(ACTION ITEM)
Start to finish, return the listing below exactly, pictures excluded.

━━━━━ DATA SHOWN ━━━━━

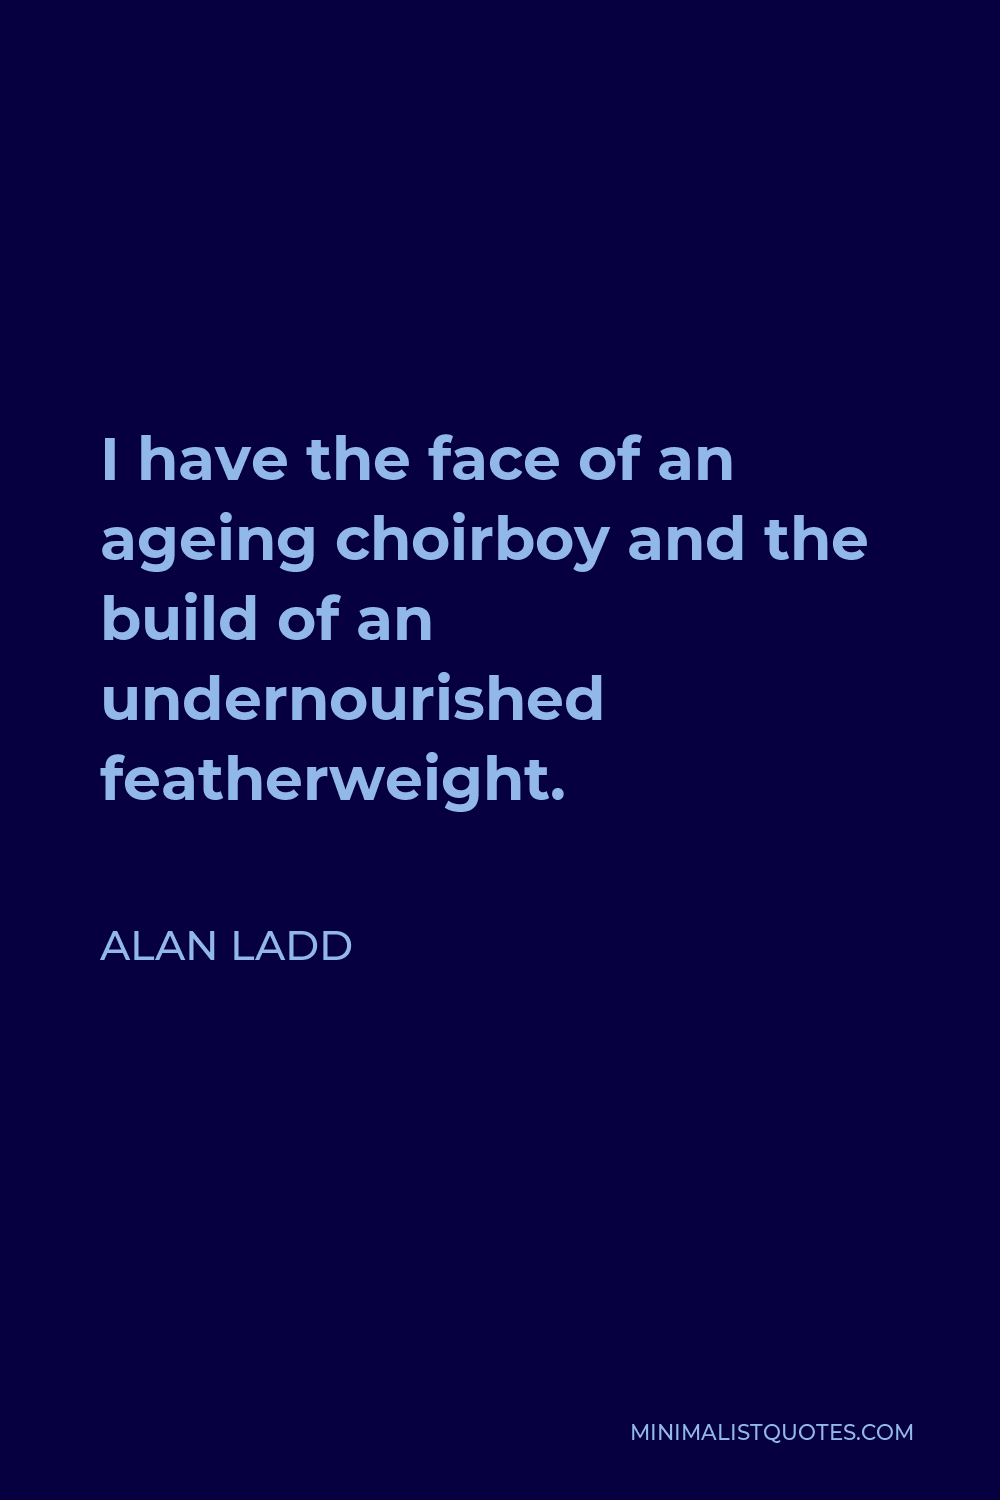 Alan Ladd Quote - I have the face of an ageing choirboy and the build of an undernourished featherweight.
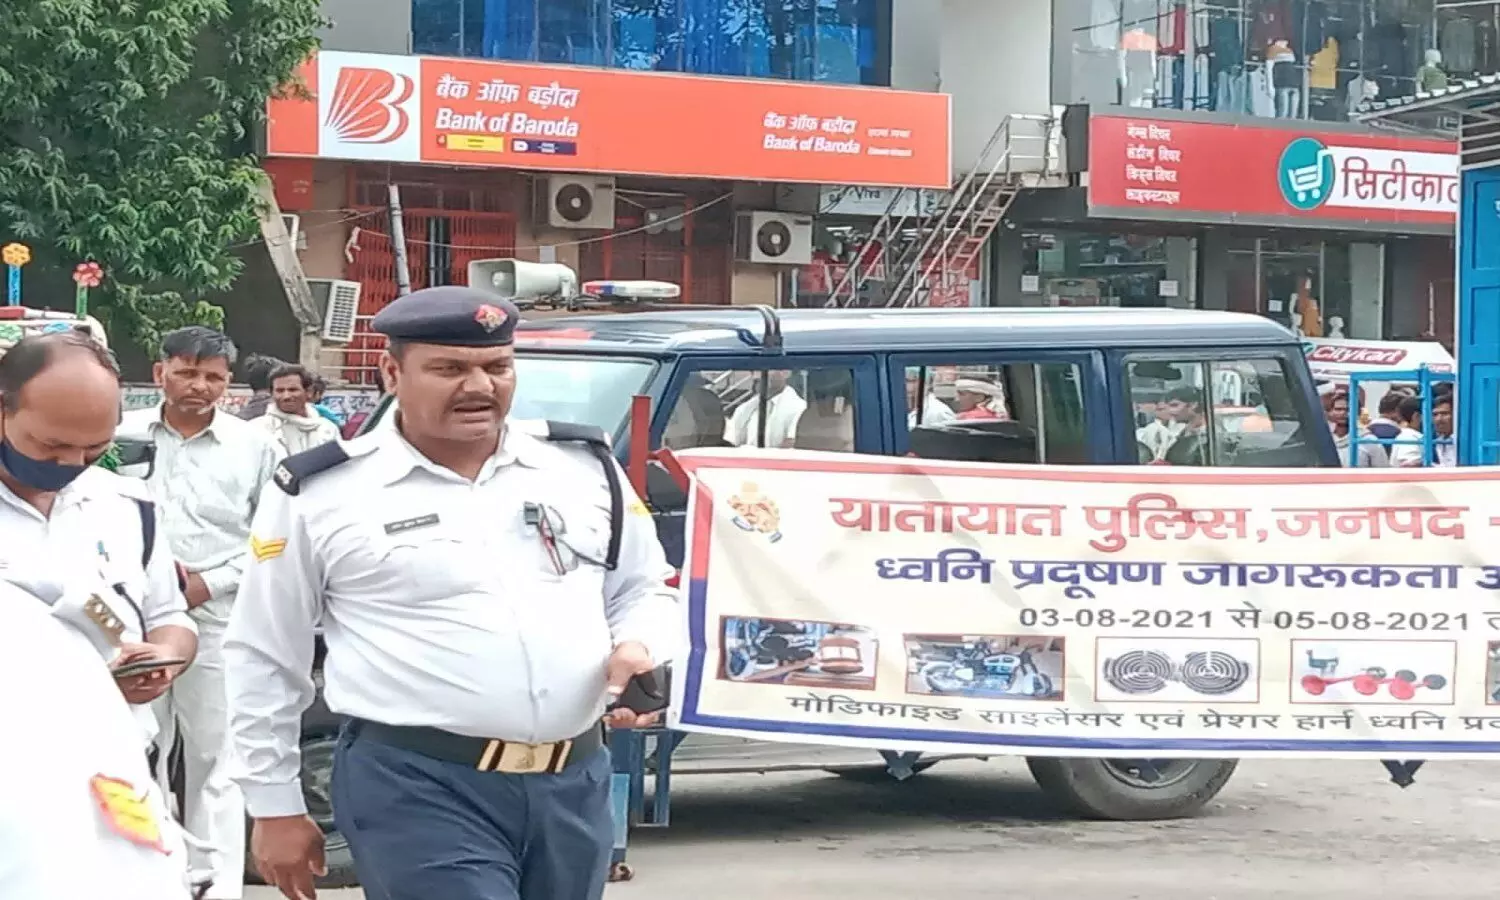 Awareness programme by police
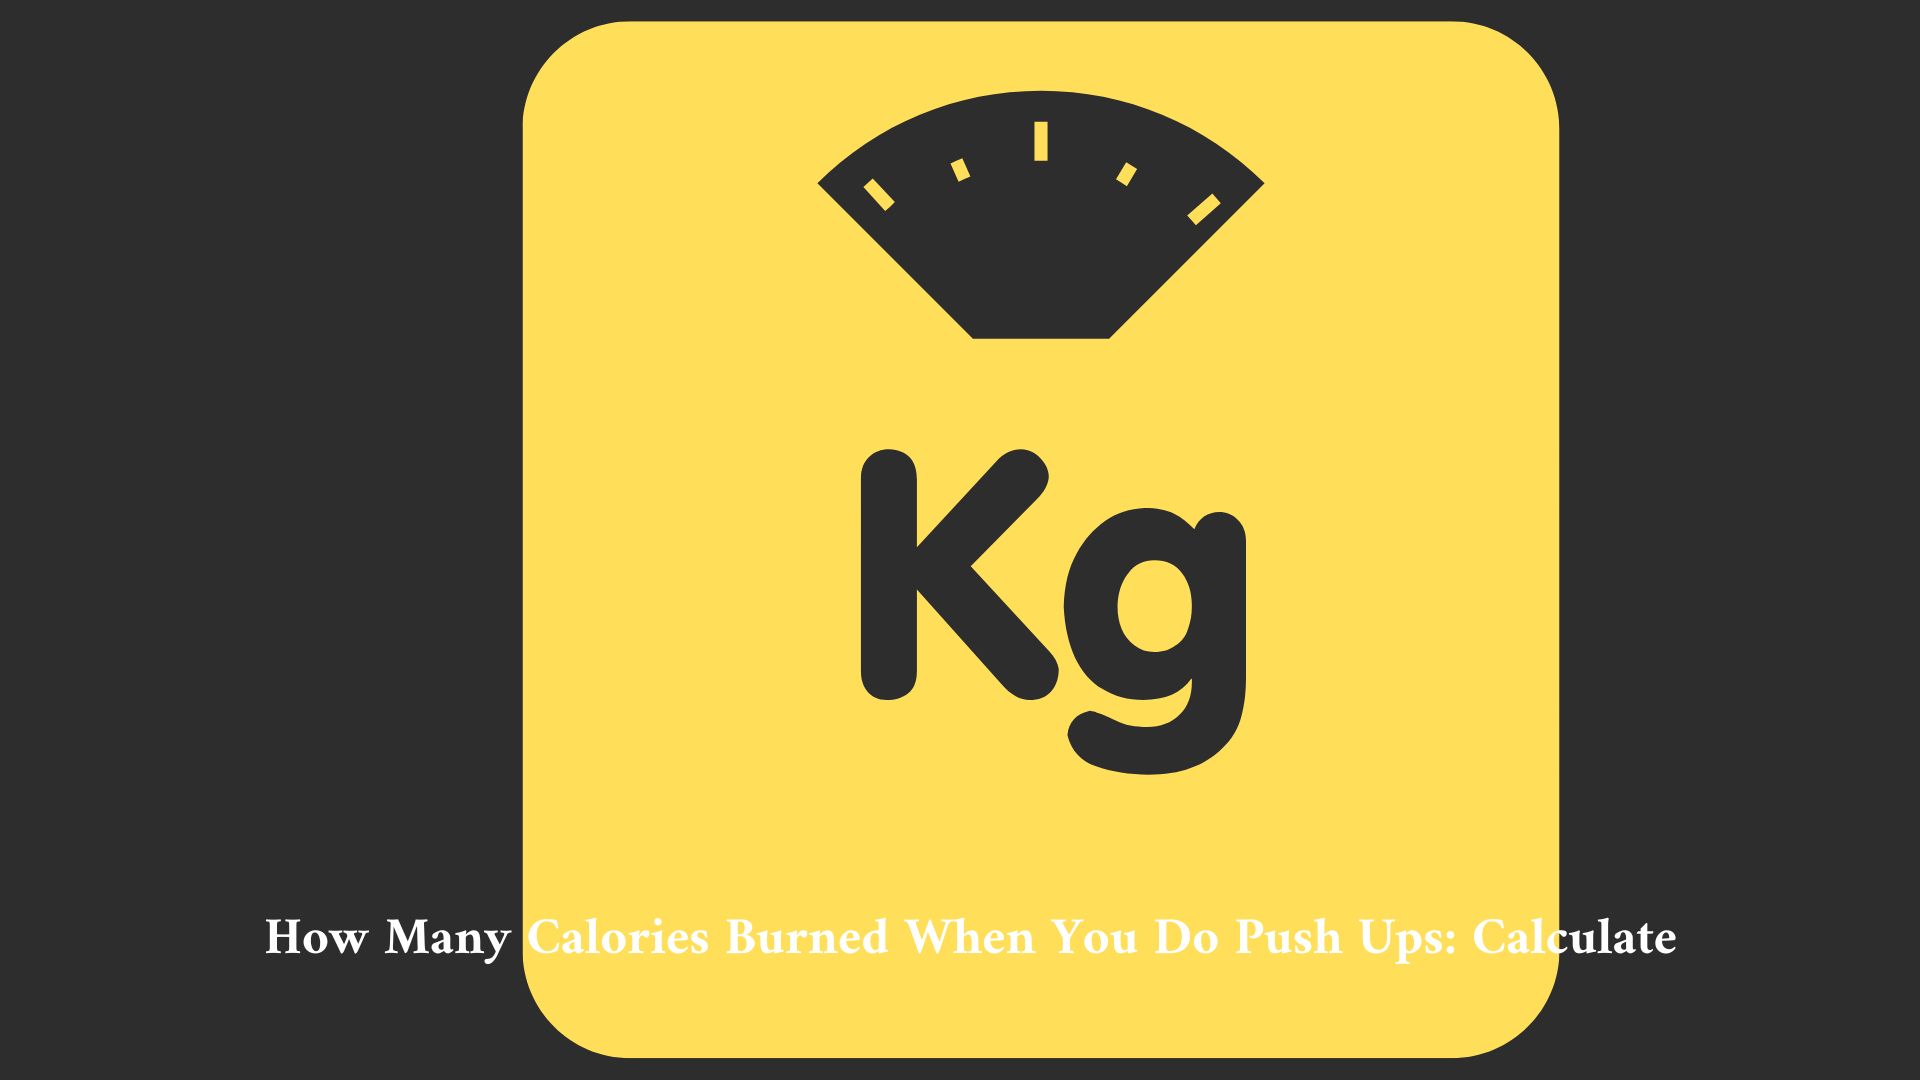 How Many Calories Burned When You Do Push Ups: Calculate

━━━━━

(ANSWER BELOW)
 Alan Ladd Quote - I have the face of an ageing choirboy and the build of an undernourished featherweight.
 Awareness programme by police
 How Many Calories Burned When You Do Push Ups: Calculate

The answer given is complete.